Dataset excerpt:
= = = =

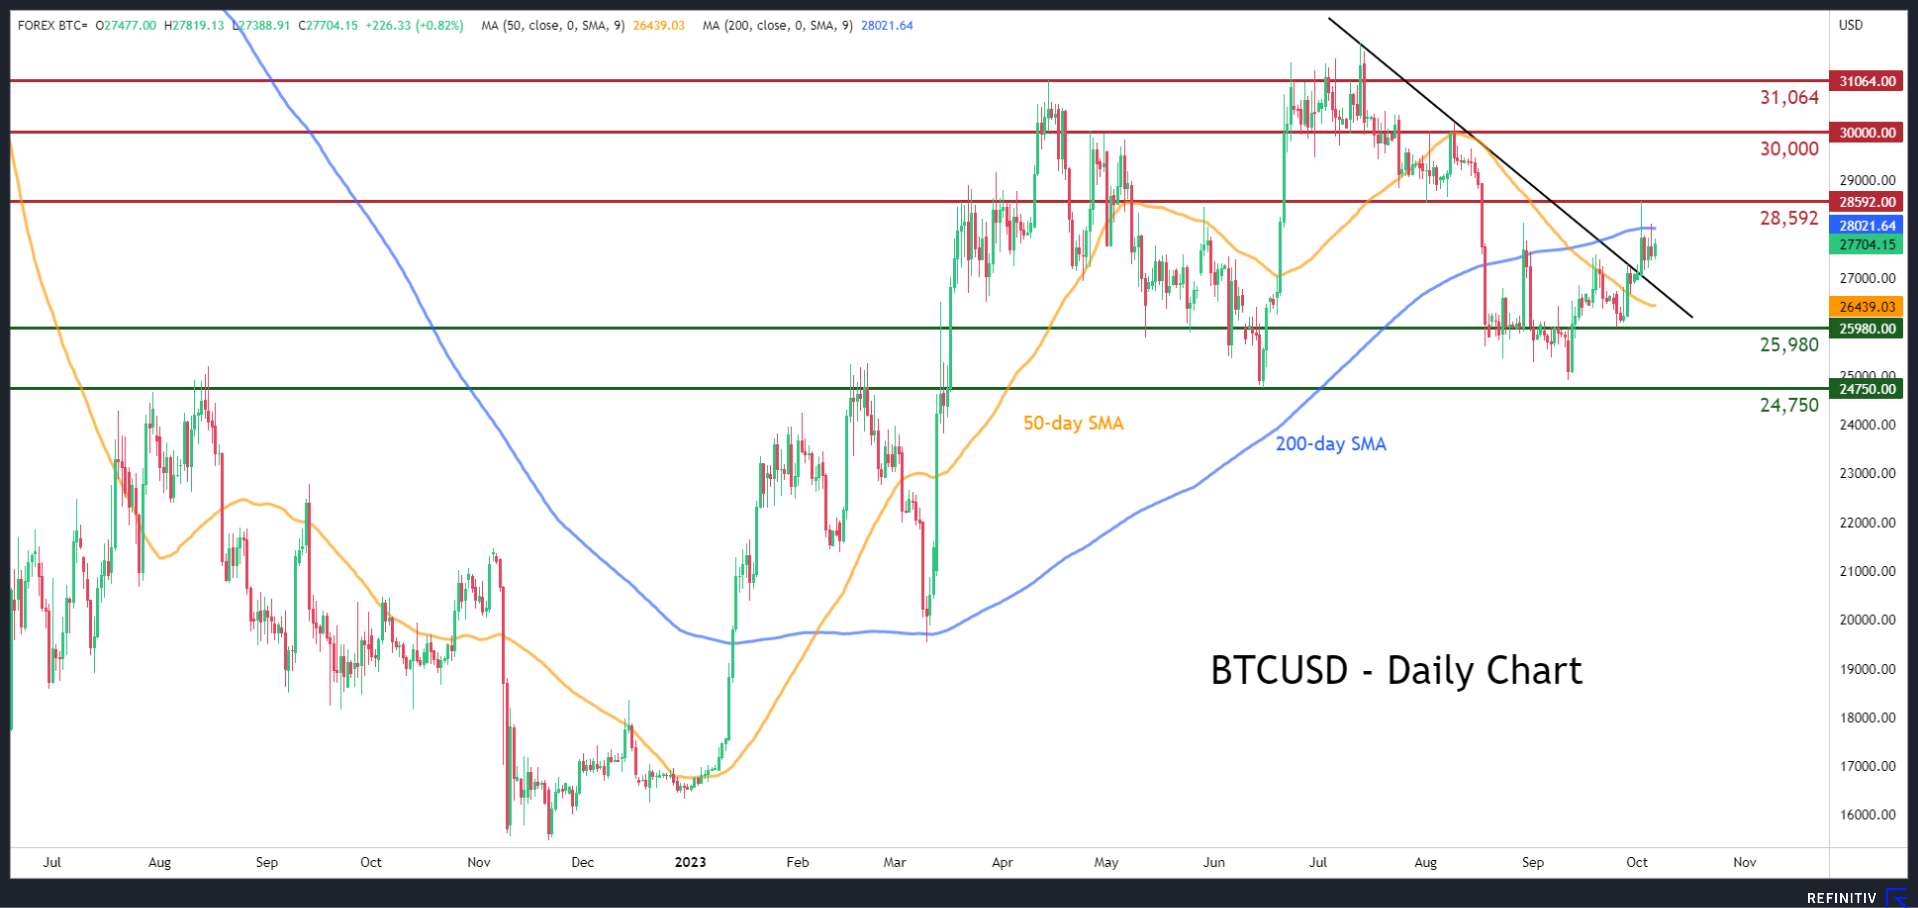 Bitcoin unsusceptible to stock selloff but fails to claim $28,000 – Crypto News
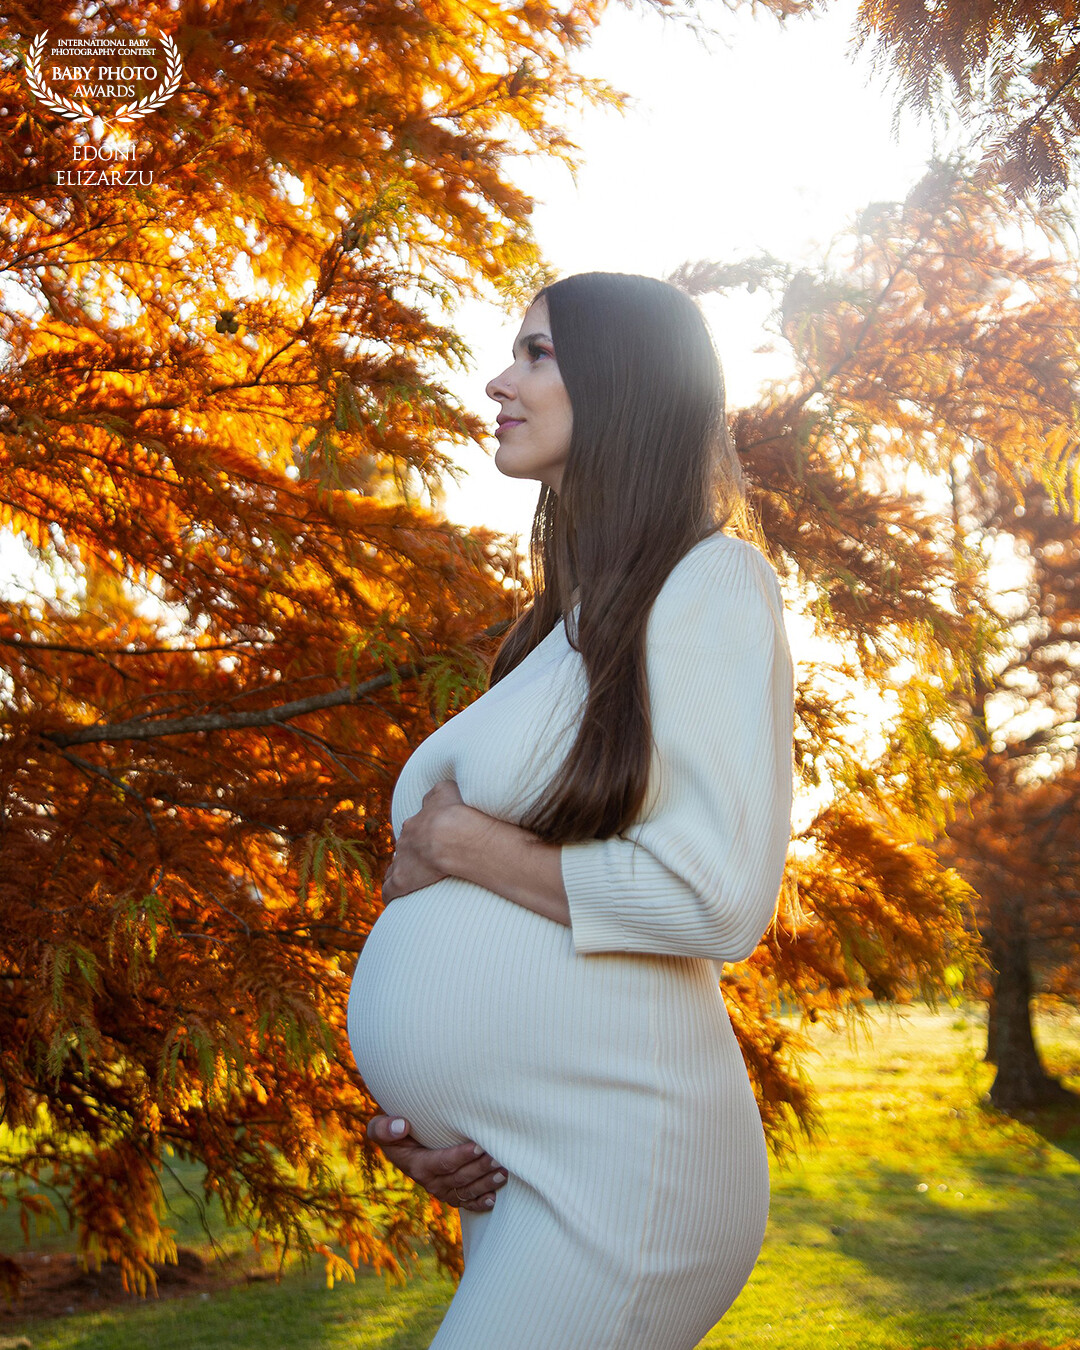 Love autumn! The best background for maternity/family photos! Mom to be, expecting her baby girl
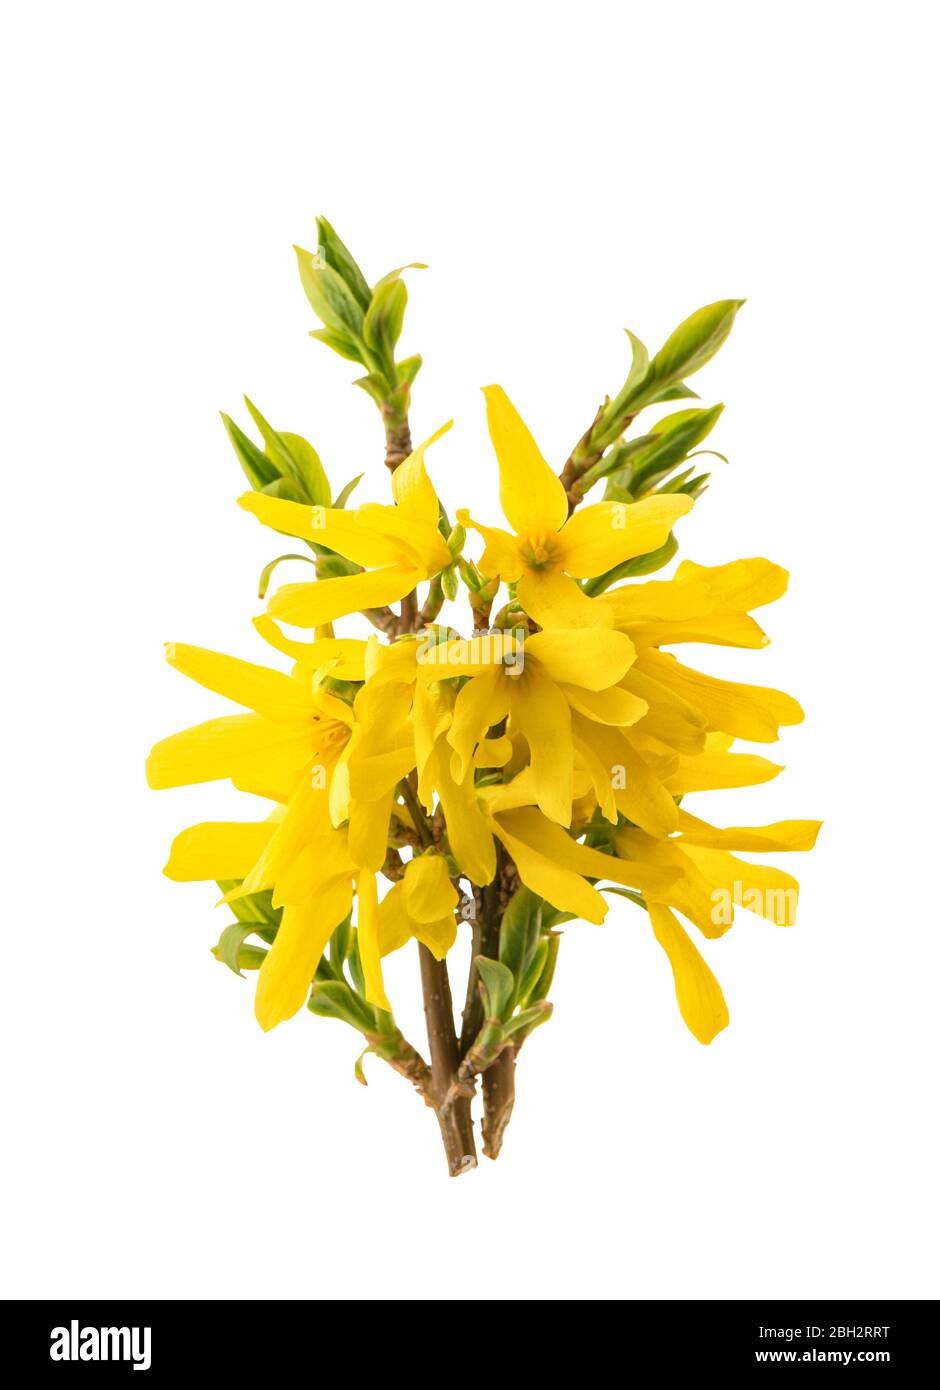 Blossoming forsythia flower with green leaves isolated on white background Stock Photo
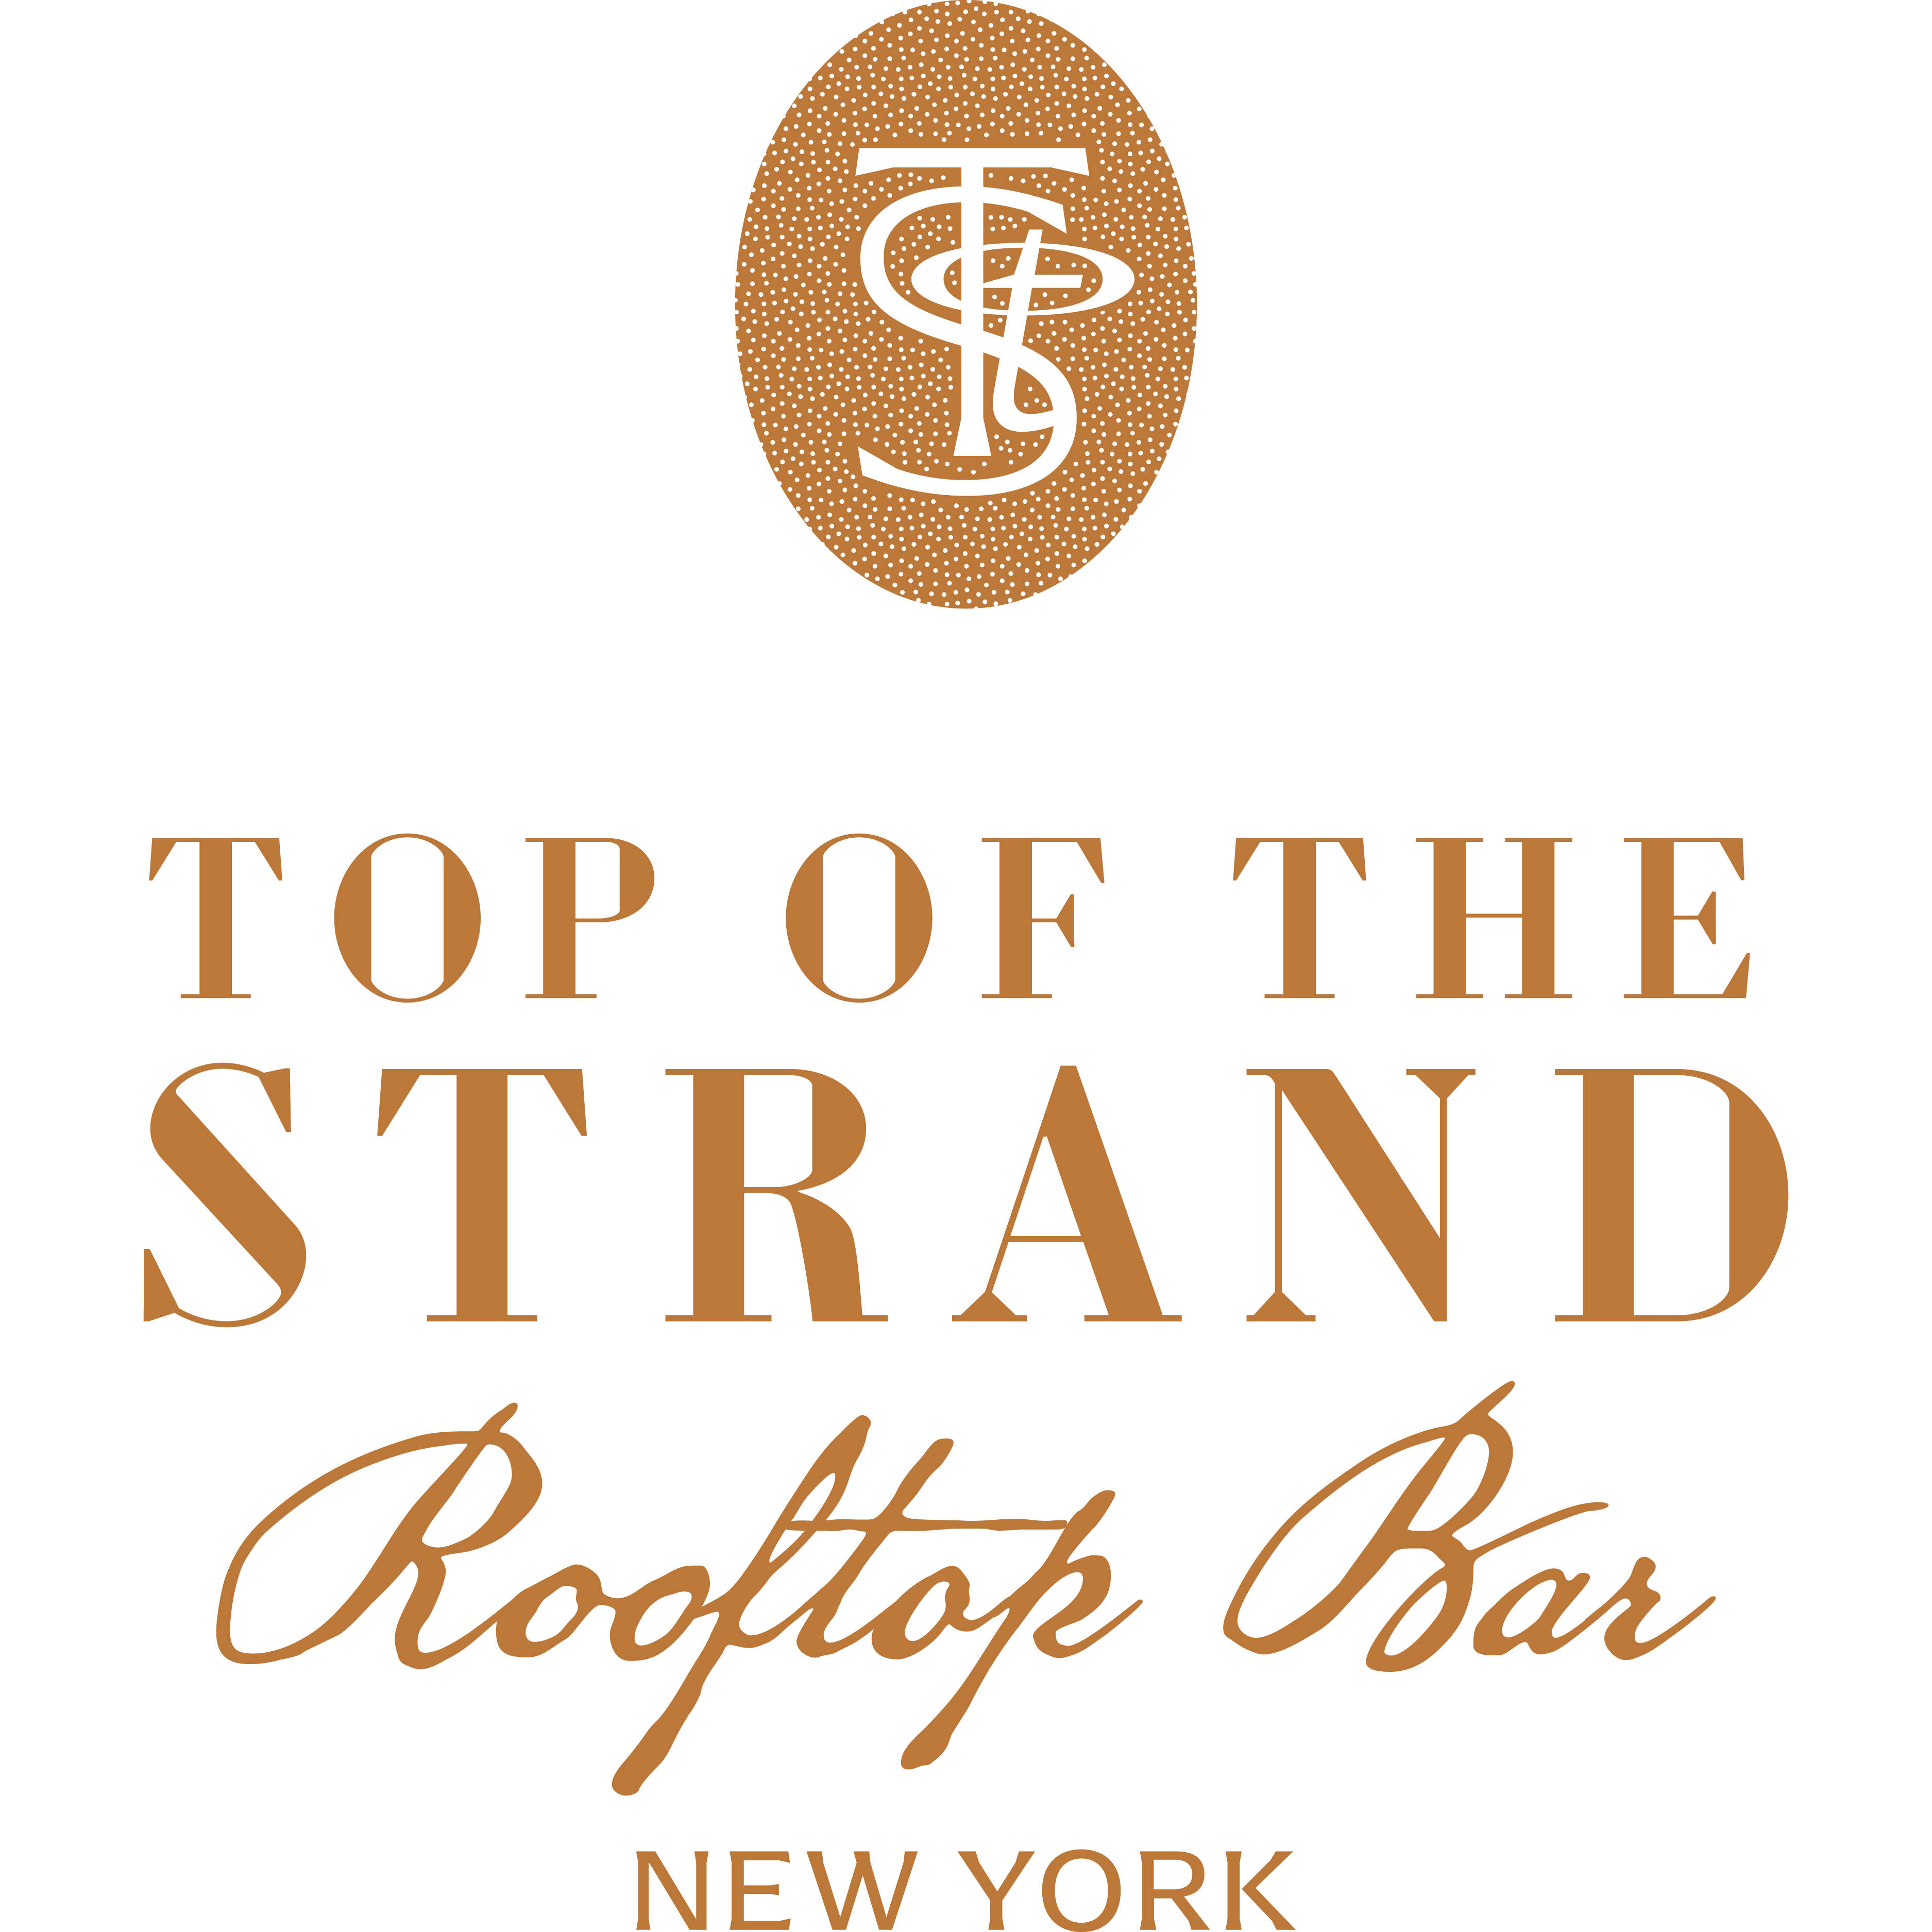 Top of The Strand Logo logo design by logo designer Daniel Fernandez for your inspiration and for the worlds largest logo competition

= = = =

Directions:
Your task is to quote exactly the lines from the one with "Blossoming forsythia flower" through the end of the material, both included, without reproducing any pictures.

Output:
 Blossoming forsythia flower with green leaves isolated on white background Stock Photo
 Top of The Strand Logo logo design by logo designer Daniel Fernandez for your inspiration and for the worlds largest logo competition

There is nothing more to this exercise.